Вся эта поездка мне обошлась 28 рублей 50 копеек, то есть 4 куля ржи, или 9 кулей овса. Чему же я за эту сумму научился? Что узнал полезного?
А то, что и выставки, и съезды сельских хозяев, и сельскохозяйственные общества не более, как «отрадные явления», такие же, как приговоры о школах, об уничтожении кабаков и пр.
Прискорбно, однако, видеть, что есть, подобно мне, люди, которые верят и в выставки, и в съезды, и в отчеты. А какой отчет написан о нашей выставке!!
Выпив водочки и поужинав. – Батищевские собаки. – История Лыски. – Кому выл Цурик. – Передряга с кондитером Савельичем. – “Прихоти” Савельича. – Его изобретения. – Самодельная коляска. – Печенье из бобов. – Сердитый чиновник. Как введены были в Батищеве посевы льна. – Вся сила в бабах. Бабий труд и бабий сундук. – Введение плужной пашни в Батищеве. Корчевка березняка. – Что пень собьем, то грош найдем. – По поводу Пастера. – Мятье льна. – Мужик сер, да не черт его ум съел. – О коновалах.
Я отпраздновал пятую годовщину [5.1] … Зима в нынешнем году такая же лютая, как в 1870—71. Морозы стоят страшные — птицы замерзают.
Декабрь. В пять часов уже темно…
Я возвратился со скотного двора, выслушал отчеты старосты, сделал распоряжения на завтра, записал приход, расход, умолот и пр., напился чаю, спросил уроки у детей' и в восемь часов…
«Выпив водочки и поужинав», ложусь спать. Этой же фразой начиналось и мое первое письмо «из деревни», но приятель, которого я просил передать письмо в редакцию, вычеркнул слова: «выпив водочки». Вышло, по-моему, нескладно, а главное — неверно, потому кто же в деревне, будучи настолько богат, чтобы всегда иметь на дому водку, ложится спать, не выпив ее за ужином? Ясно, приятель вычеркнул эти слова, желая меня соблюсти. Известно, что у нас, если кто потеряет место и очутится без службы, да к тому же попадет в деревню, то он никакого дела себе найти не может, от скуки начинает пить и спивается, точно так же, как обратно мужик обыкновенно спивается, если попадет на службу, где у него никакого настоящего дела нет. Приятель, должно быть, боялся, чтобы не подумали, что я сделался в деревне пьяницей и, соблюдая меня, зачеркнул «выпить водочки». Обыкновенно все начинают с того, что выпивают только за ужином, потом привыкают выпивать и за обедом, потом, мало-помалу, привыкают опохмеляться утром, а раз человек стал опохмеляться — недаром говорится: «пей, да не опохмеляйся» — и утром натощак вместо чаю пить водку — кончено, разумеется, кончено для человека, который не работает. Работающему мужику нипочем, даже полезно выпить стакан водки в пять часов утра перед завтраком.
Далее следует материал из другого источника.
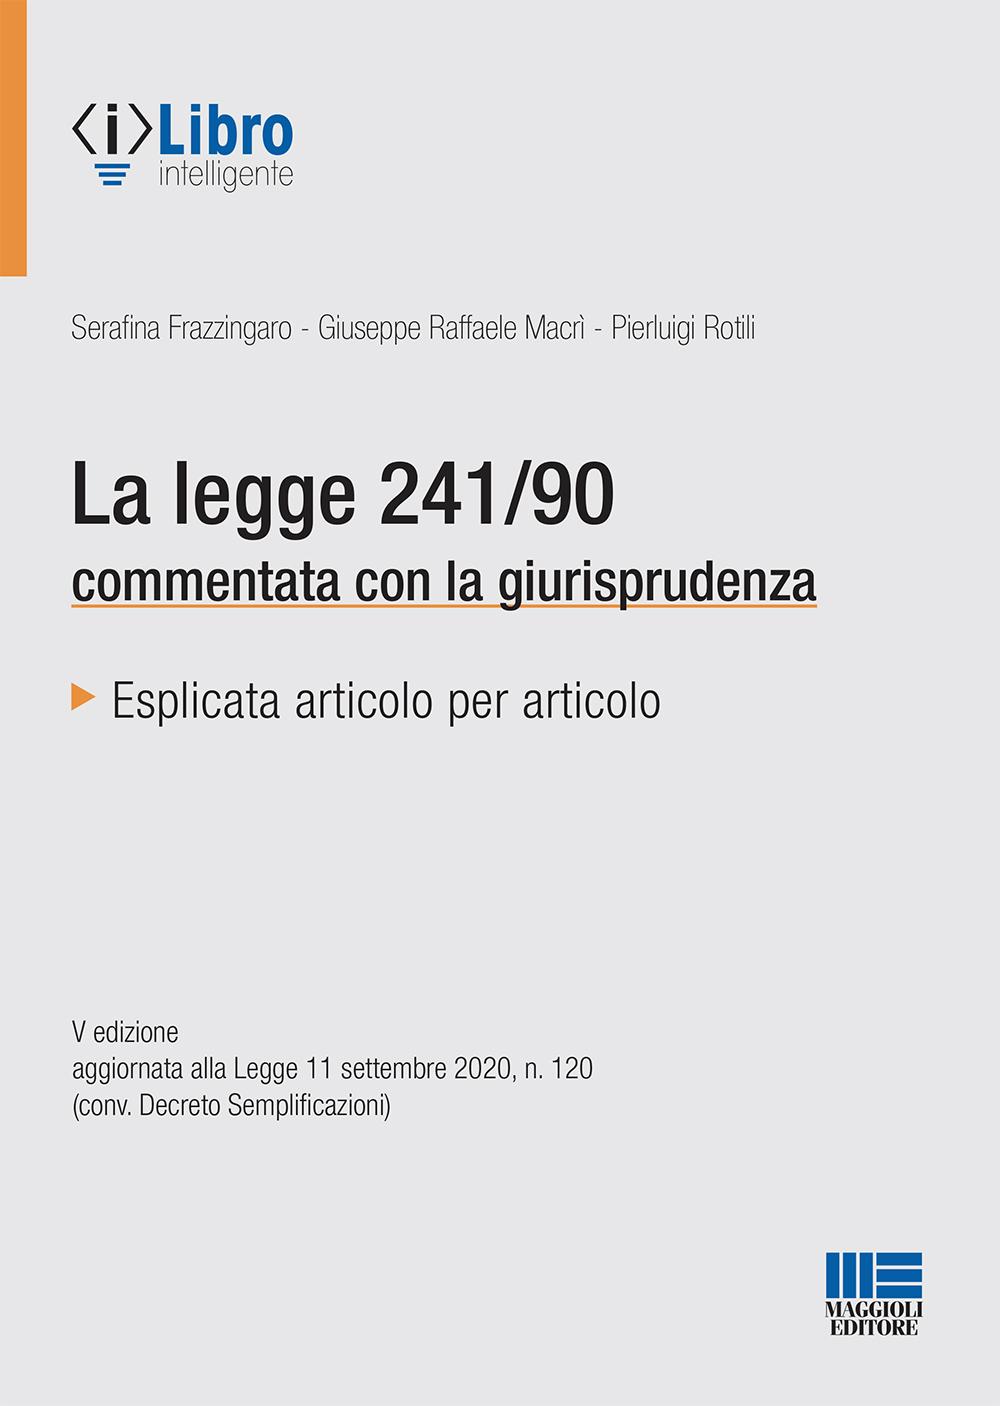 La legge 241/90 commentata con la giurisprudenza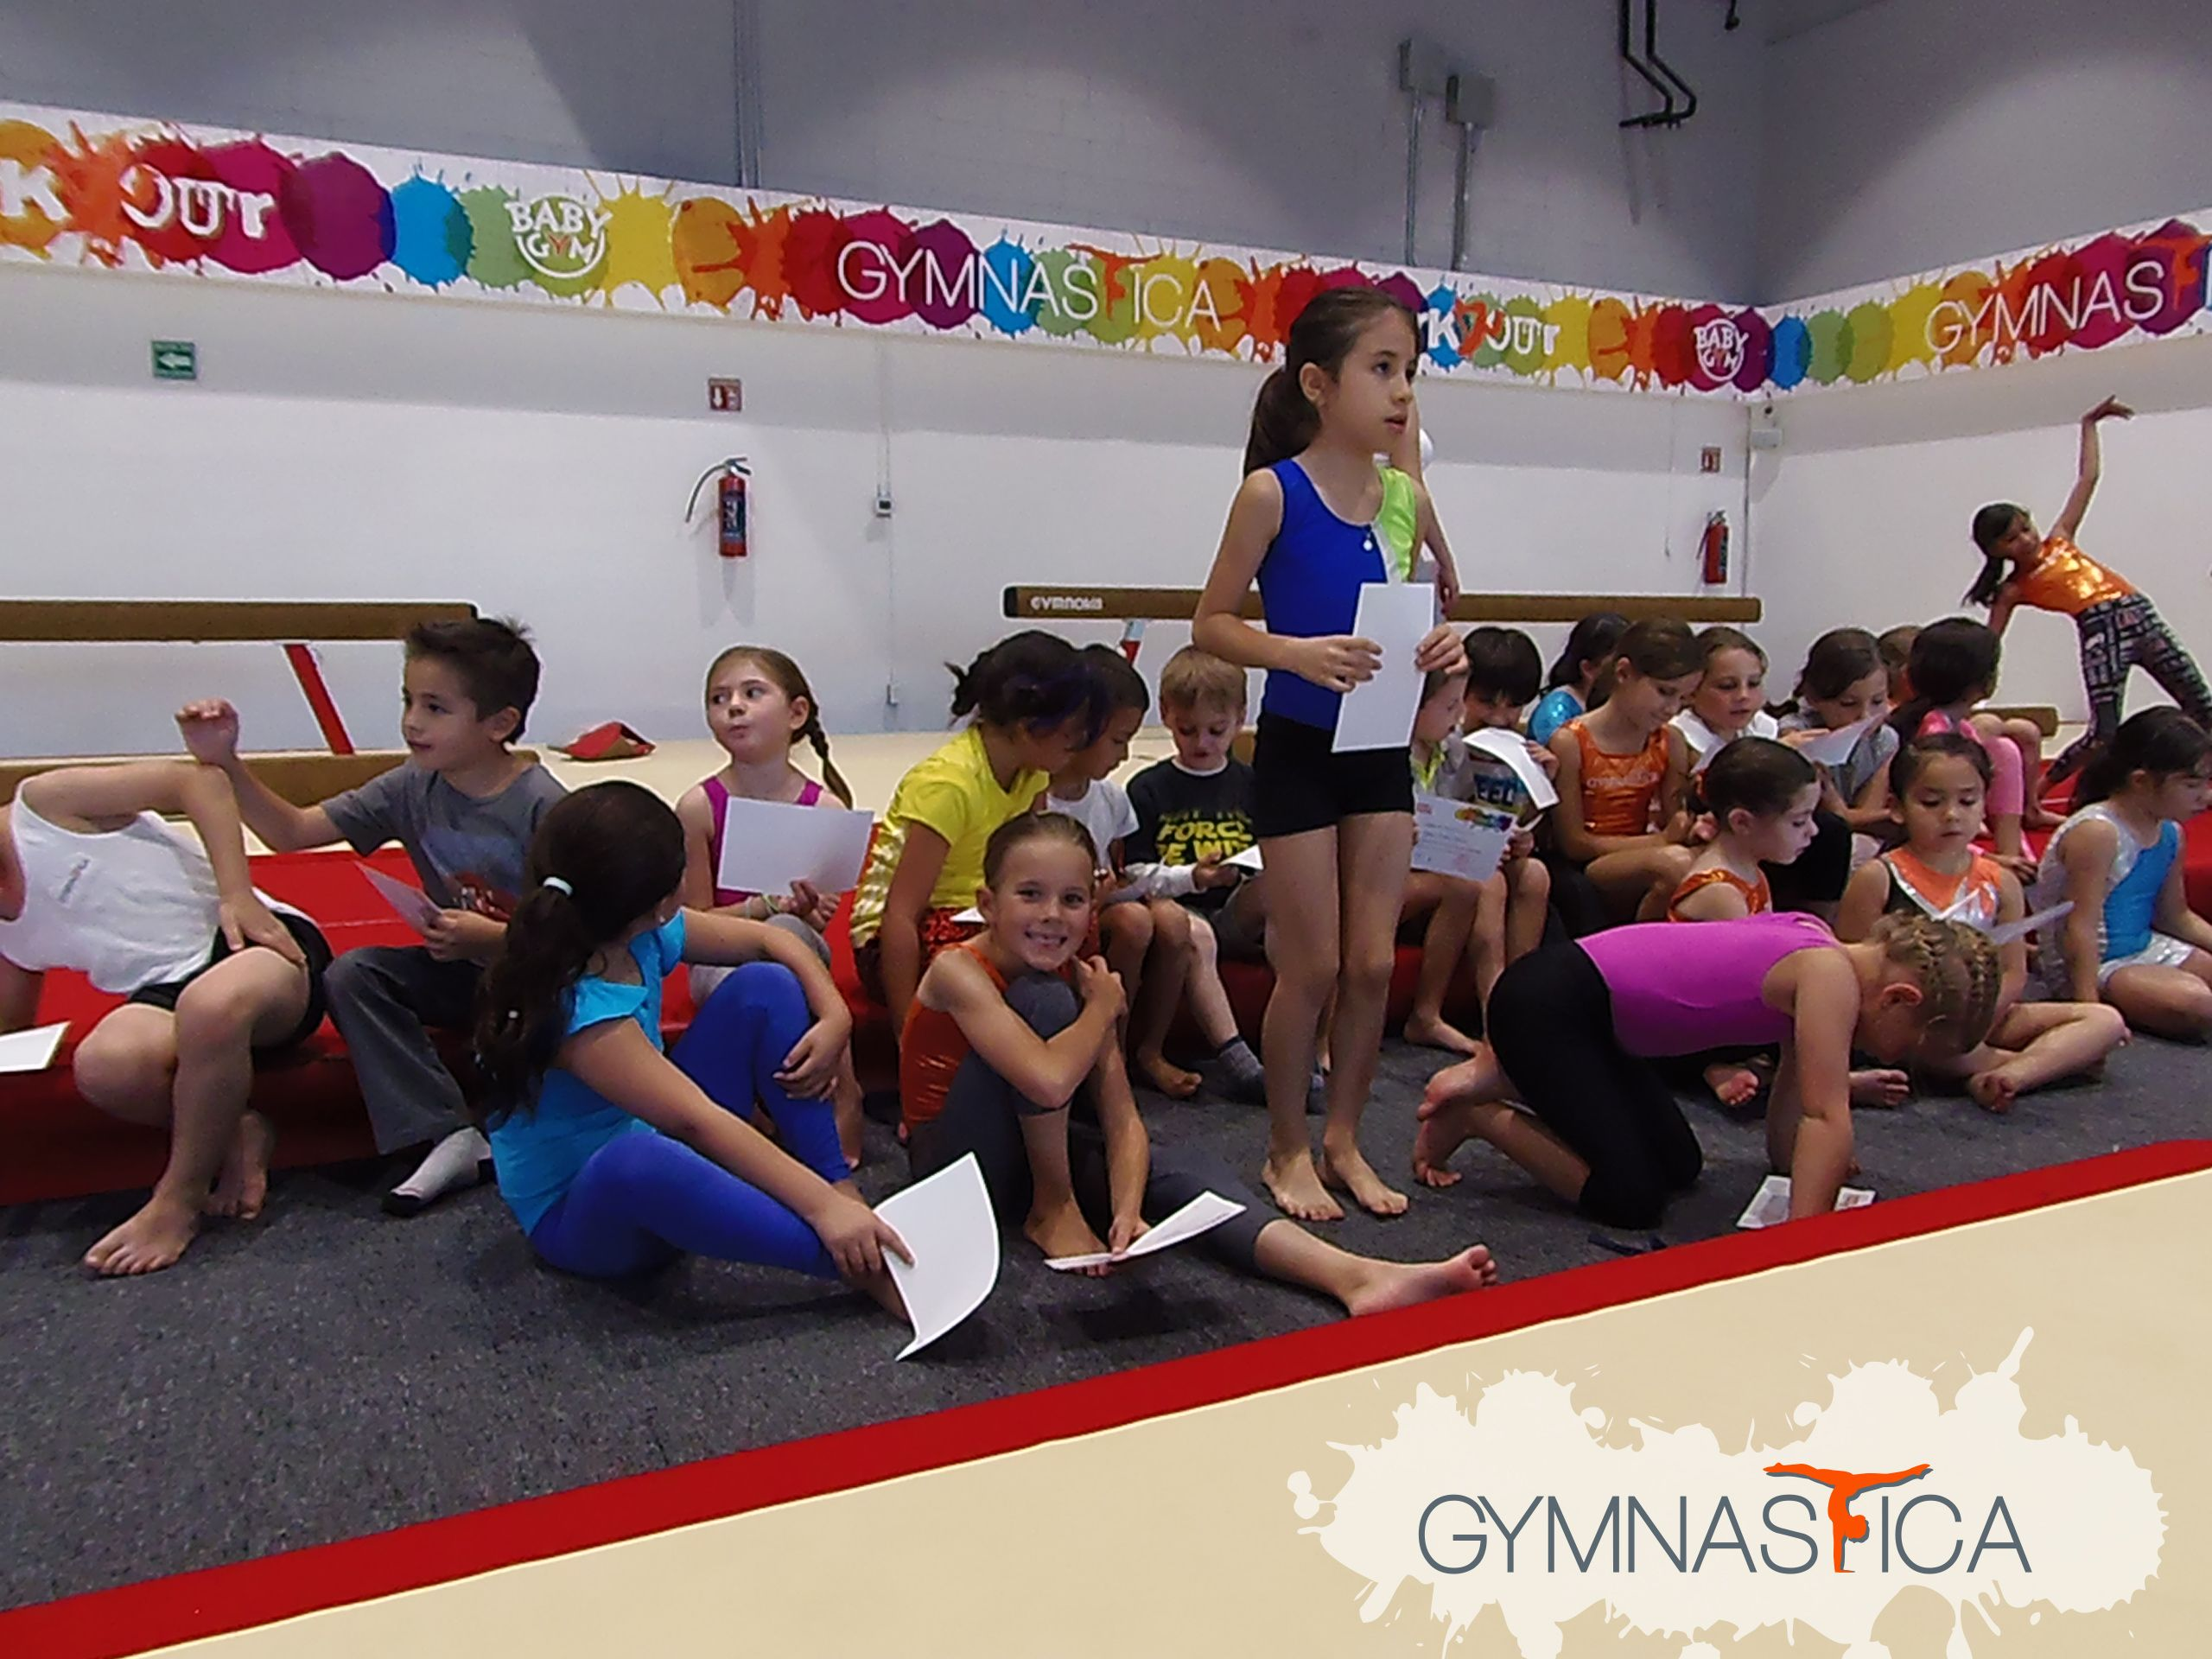 #CursoDeVerano Gymnastica #Gimnasia #Parkour #GardenSantaFe #SueñosEnMovimiento #Verano2016 Informes al 9688 9113 y 9131 6203 Mail: info@gymnastica.mx

Теперь за меня опасаться нечего, соблюдать меня не нужно, потому что прошло уже пять лет, и я не спился, несмотря на то, что в Петербурге перед отъездом многие предсказывали мне такой конец. Конечно, я пью и даже не водку, а «вино», в акцизном значении этого слова, а говорят, акцизное-то вино и имеет свойство делать людей пьяницами и развивать «запой», который неизвестен в чужих странах, где пьют настоящее, а не акцизное вино. Выпиваю рюмку, другую за обедом, нужно же что-нибудь пить, когда настоящего вина нет; выпиваю и за ужином, но все-таки не спился, потому что никогда не опохмеляюсь, а отпиваюсь по утрам чаем. Поэтому, желая вновь описать мой зимний день, нисколько не опасаясь, начинаю.
…Выпив водочки и поужинав, я ложусь спать, уложив предварительно детей, из коих младший спит в своей комнате рядом со мною, и ночью находится специально под моим надзором, потому что у меня нет ни няньки, ни гувернантки. Засыпая, я уже не мечтаю теперь о клевере, потому что мечты исполнились, и клеверные поля существуют в Батищеве. Теперь загады мои идут далее, и я мечтаю как бы устроить винокуренный заводец, и устрою, когда акцизное дело будет настоящим образом установлено, так что можно будет рассчитывать на что-нибудь верное. Сплю я спокойно, ничто не нарушает мой покой; не слышно даже отрывистого лая Лыски, которого, увы! уже нет на свете. Да, Лыски уже не существует, и причиною этому я — я, внесший новые элементы в мирную жизнь прежних обитателей Батищева. Как ни хитер, как ни осторожен был старый Лыска, но все же попался-таки на зубы волку, а всему я причиною. Какая, казалось бы, связь могла существовать между мною, жившим в Петербурге, и Лыской, жившим в каком-то уединенном Батищеве? А вот же! не попади я из Петербурга в Батищево, не расширь я своего хозяйства, не разведи я разных новшеств, жил бы да жил старик Лыска и мирно бы почил между поленницами дров за овином. Конечно, и Лыска виноват, потому что, живи он по-старому, не увлекайся, был бы до сих пор здрав и невредим, но увлекаться так свойственно не только собаке, а и человеку, одаренному высшим разумом. Да, бедный Лыска, дорого поплатился ты за свои увлечения на старости лет!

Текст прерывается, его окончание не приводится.